• [Task instructions]: The answer must reproduce exactly the lines from the one with "camisa polo tommy" through the end of the material, and it must contain no pictures.

• [Data section]:
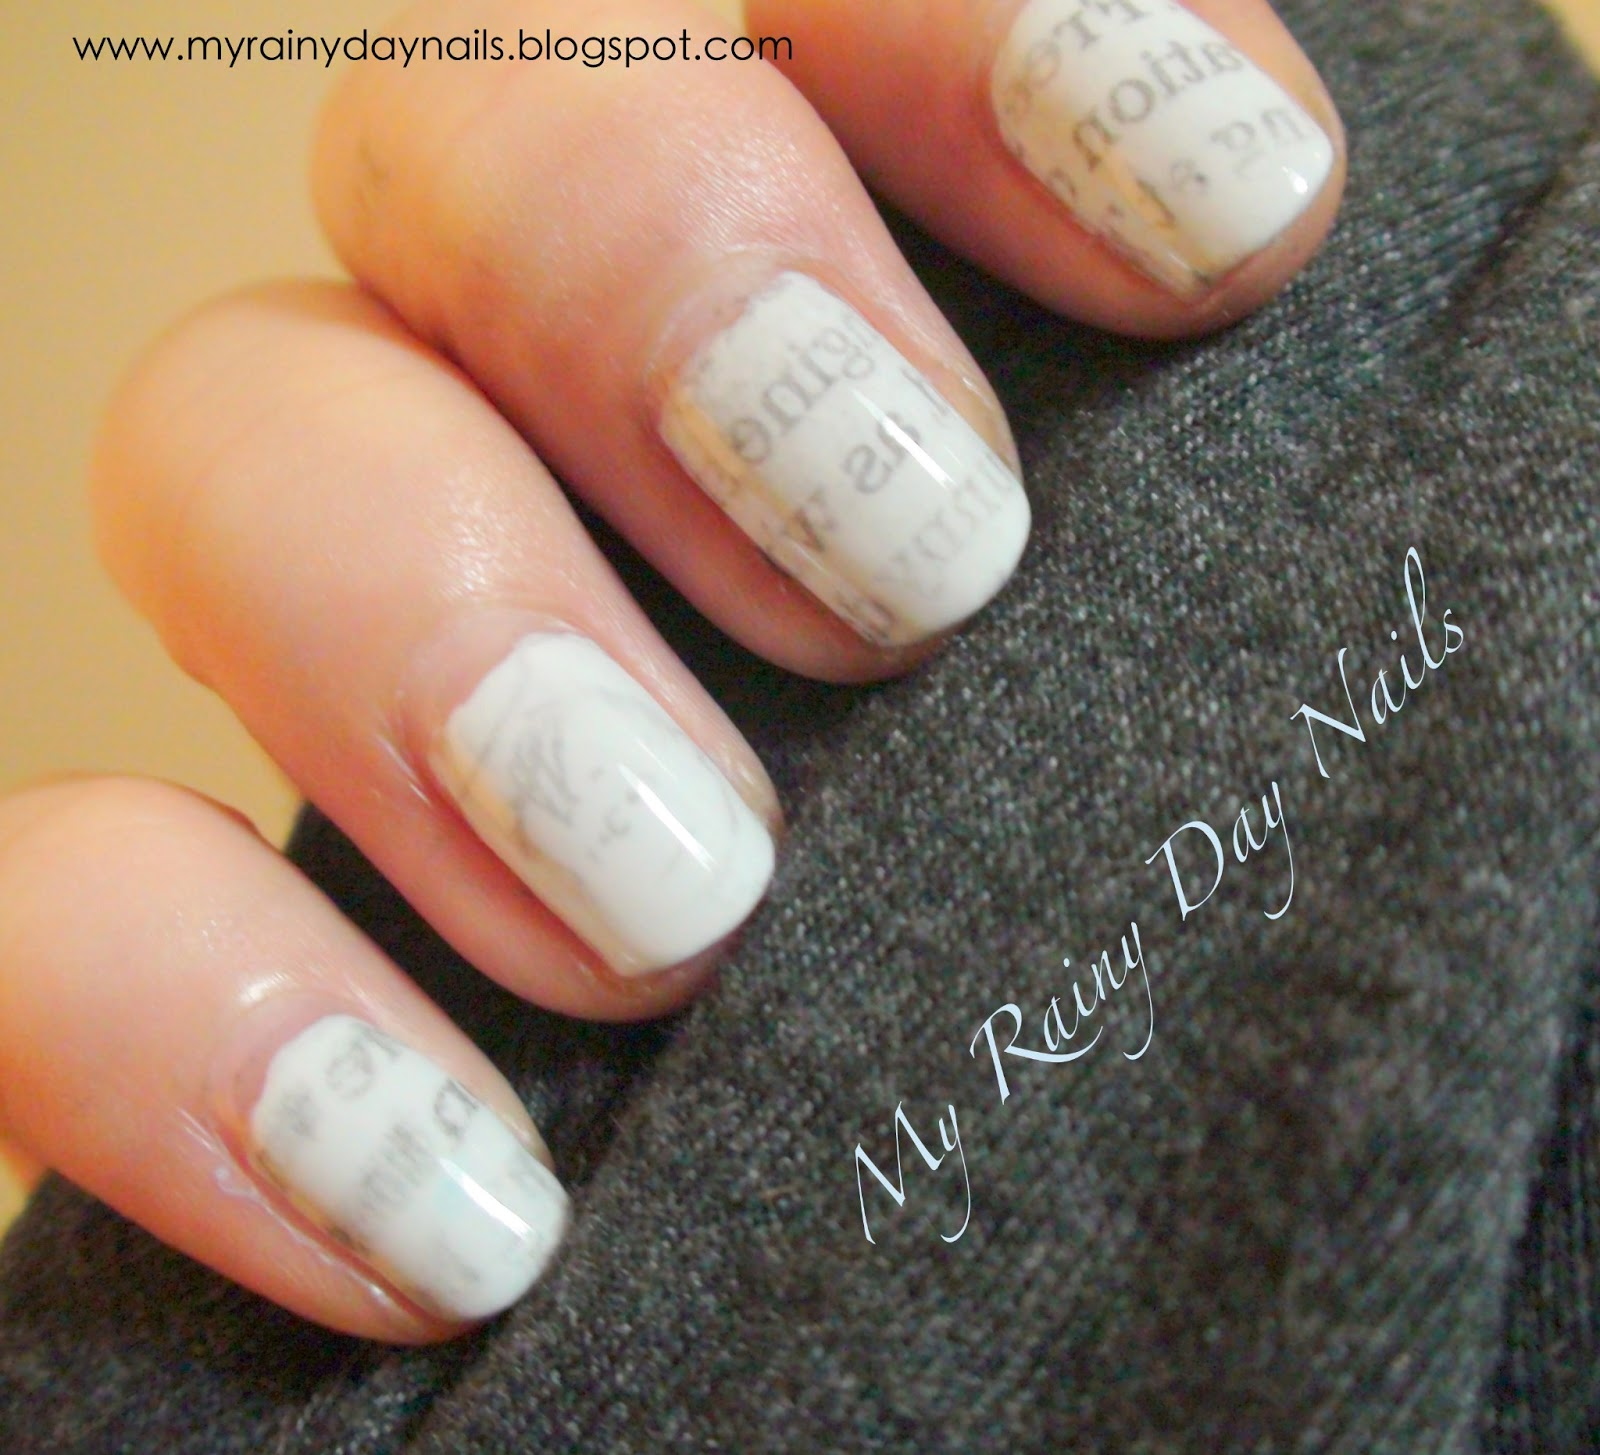 My Rainy Day Nails: Sunday Nail Art-Newspaper nails
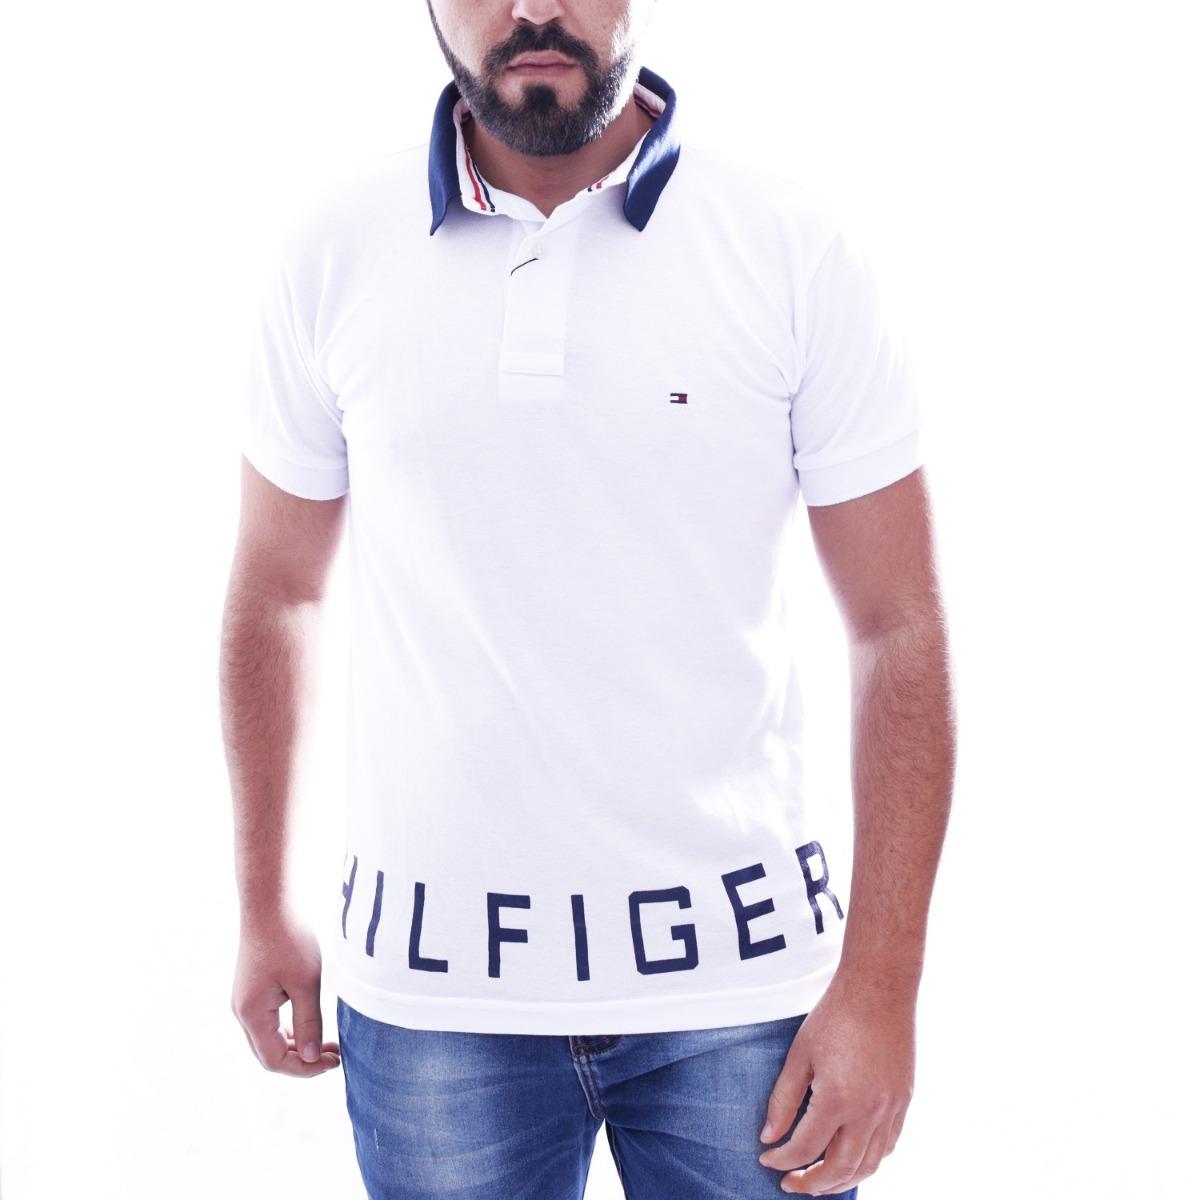 camisa polo tommy hilfiger masc custom fit branca estampada. Carregando zoom . 6b5c7ea15eb0a
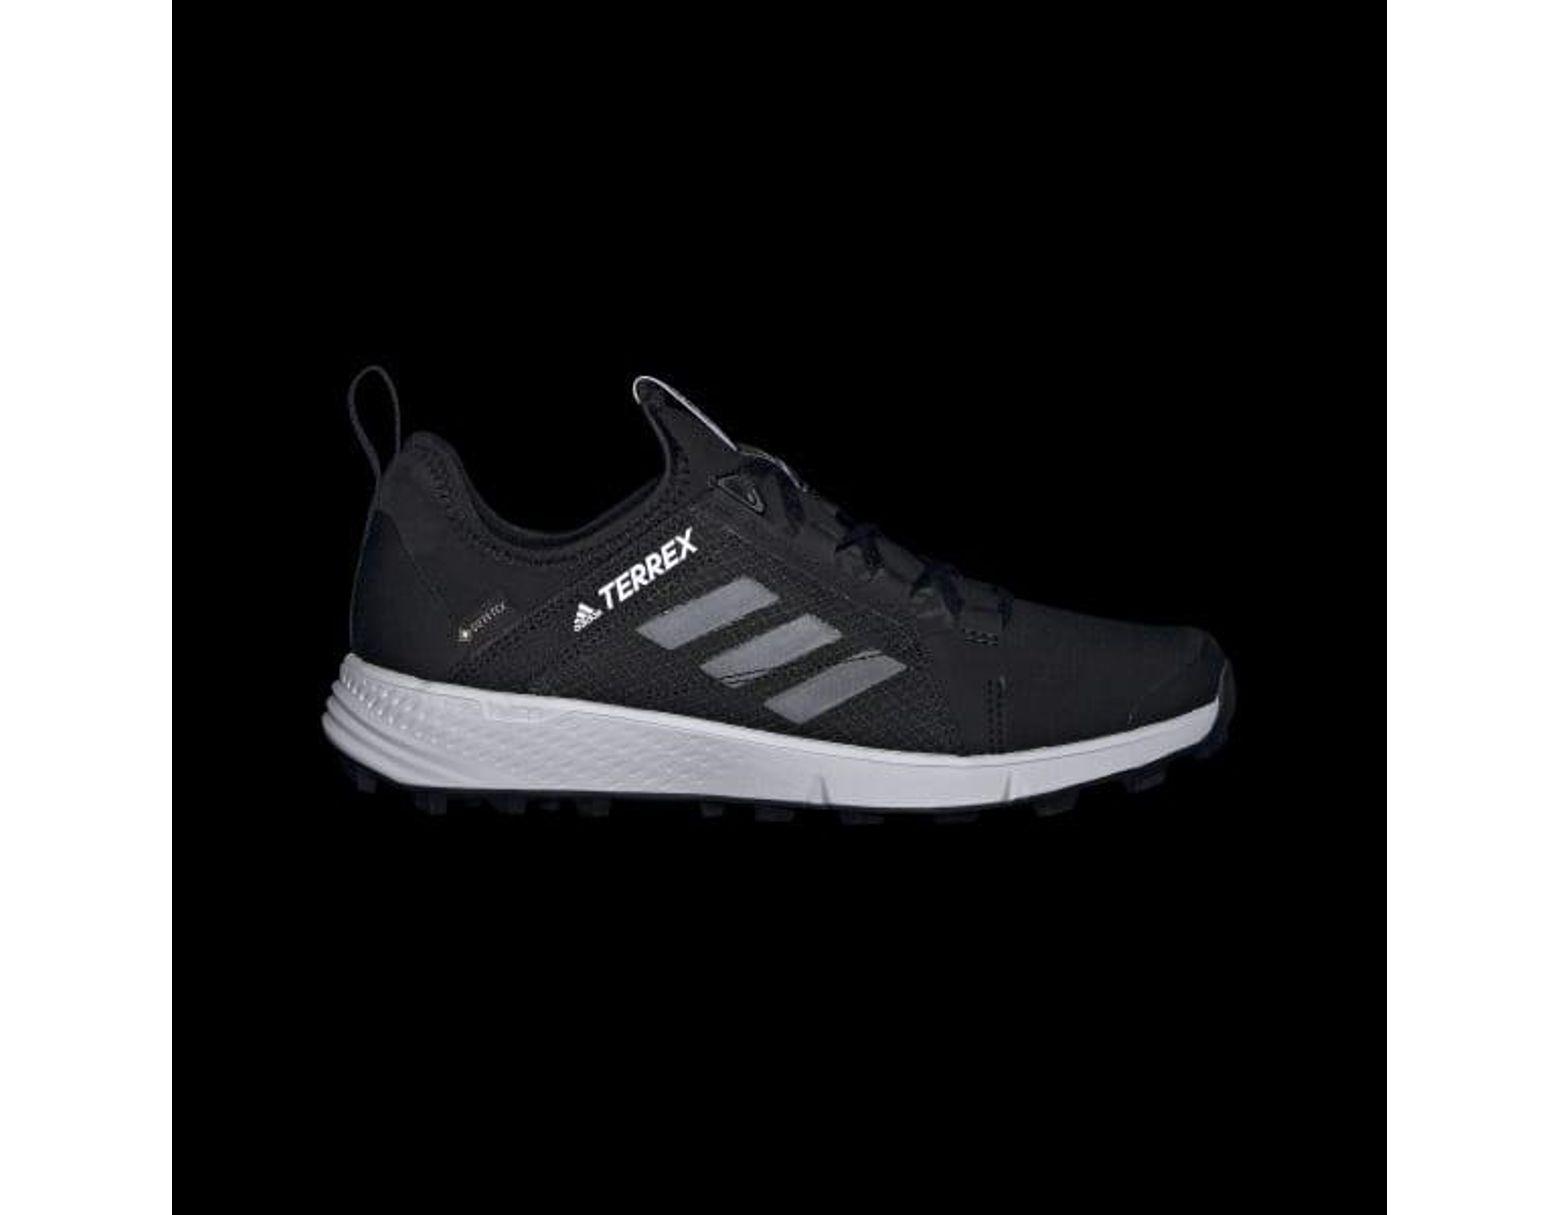 0ffc0d341af Women's Black Terrex Speed Gtx Shoes
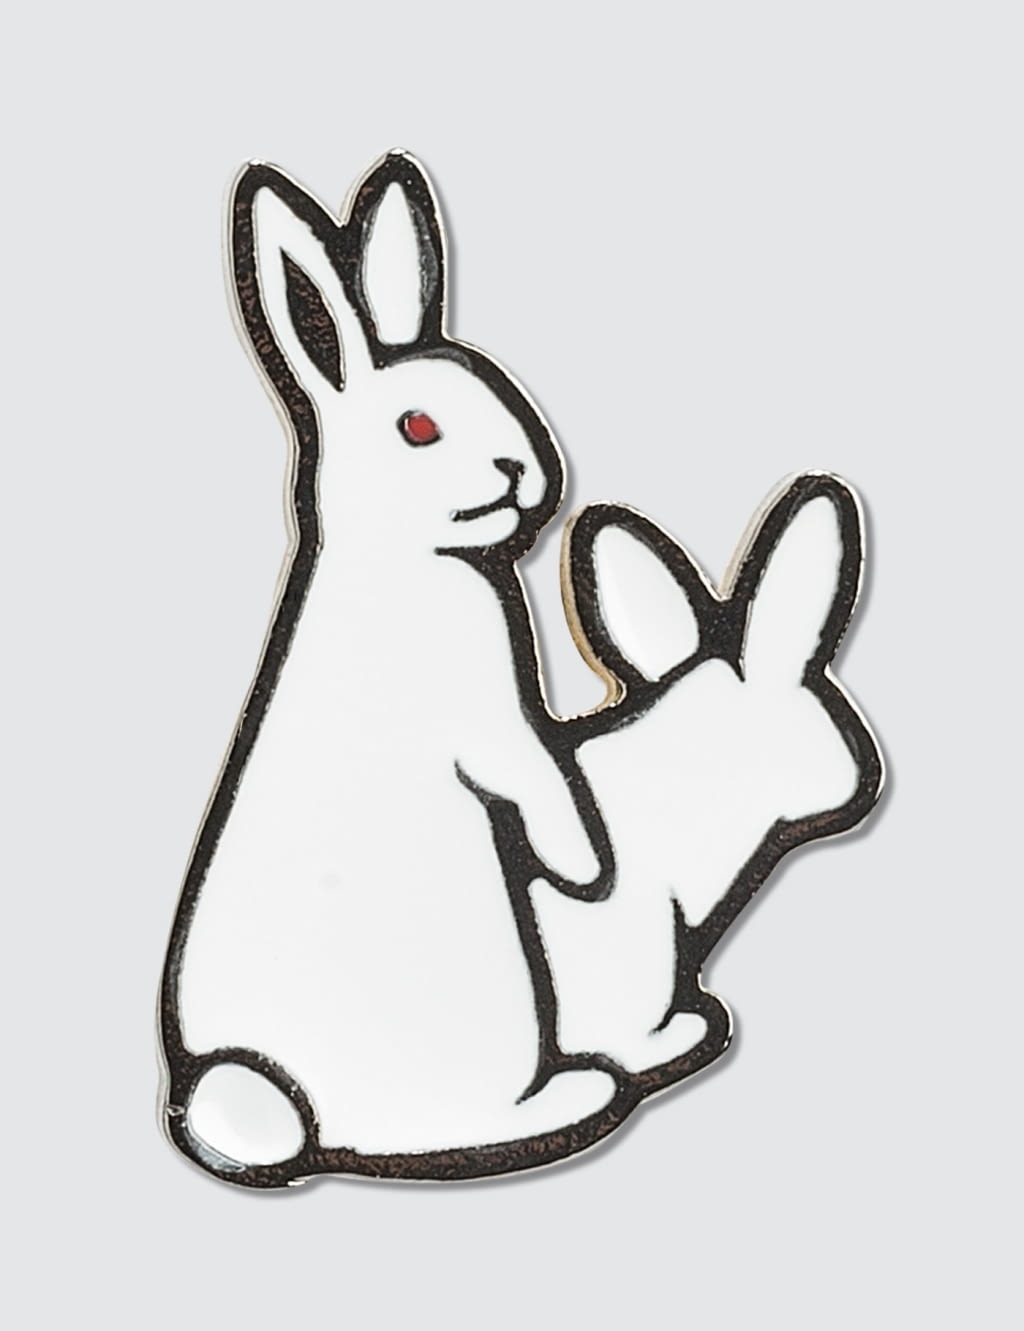 Buy Original Fr2 Fxxking Rabbits Pin At Indonesia Bobobobo Kaos Pria T Shirt Short Sleeve Sy761

• [Reply to the exercise]:
 camisa polo tommy hilfiger masc custom fit branca estampada. Carregando zoom . 6b5c7ea15eb0a
 0ffc0d341af Women's Black Terrex Speed Gtx Shoes
 Buy Original Fr2 Fxxking Rabbits Pin At Indonesia Bobobobo Kaos Pria T Shirt Short Sleeve Sy761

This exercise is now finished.